Blood biomarker may yield simple early test for Parkinson's
Since 1817, when James Parkinson first described the disease in his "Essay on the Shaking Palsy," physicians have looked for the ideal diagnostic for Parkinson's disease, and over the last few years, there has been a major push toward biomarkers that can spot the disease, ideally before symptoms start. Research led by the University of Lancaster in the U.K. has isolated a blood biomarker that has potential as a simple blood test for the progressive degenerative neurological disorder.
Patients with Parkinson's disease show Lewy bodies, aggregates of proteins within nerve cells, and these contain phosphorylated and aggregated alpha-synuclein (α-syn). This is also expressed at increased levels in the blood (compared with people without Parkinson's disease), and indicates early brain damage, even before symptoms appear.
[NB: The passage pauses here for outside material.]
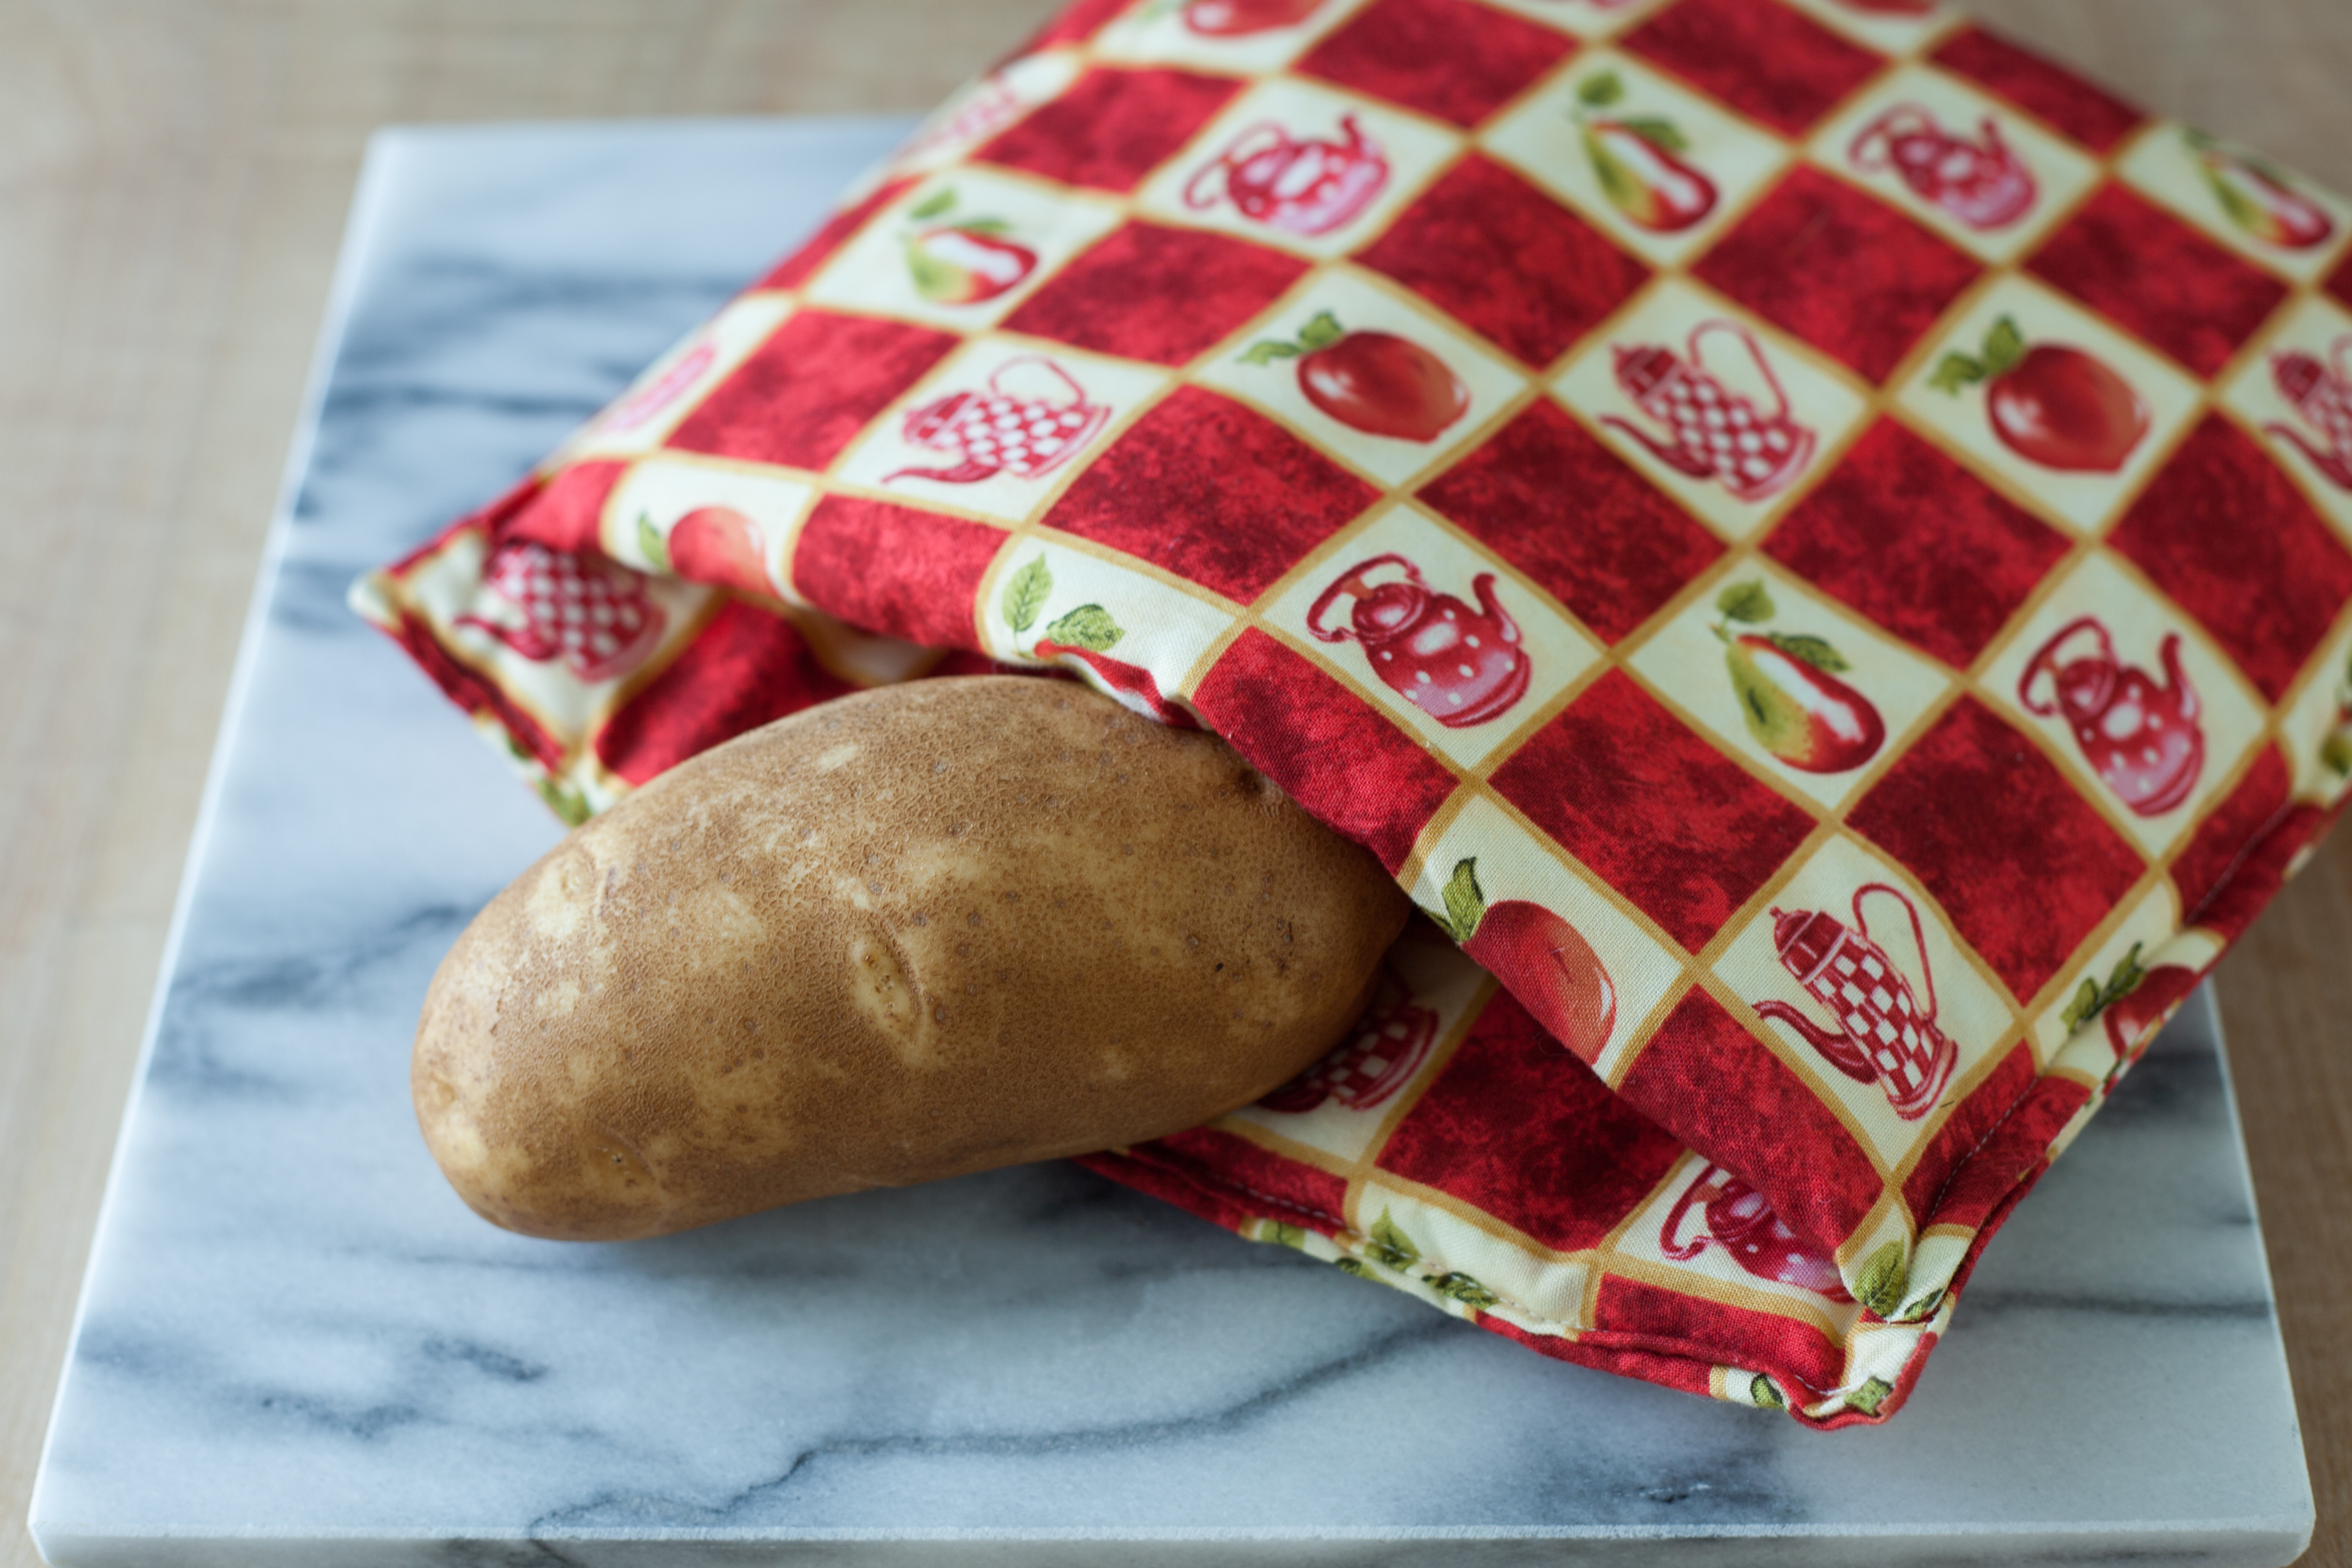 DIY Project - Microwave Potato Bag

"A blood test for Parkinson's disease would mean you could find out if a person was in danger of getting the disease, before the symptoms started," said David Allsop, Ph.D., a researcher involved in the work from the Division of Biomedical and Life Sciences and the School of Health and Medicine at the University of Lancaster. "This would help the development of medicines that could protect the brain, which would be better for the quality of life and future health of older people."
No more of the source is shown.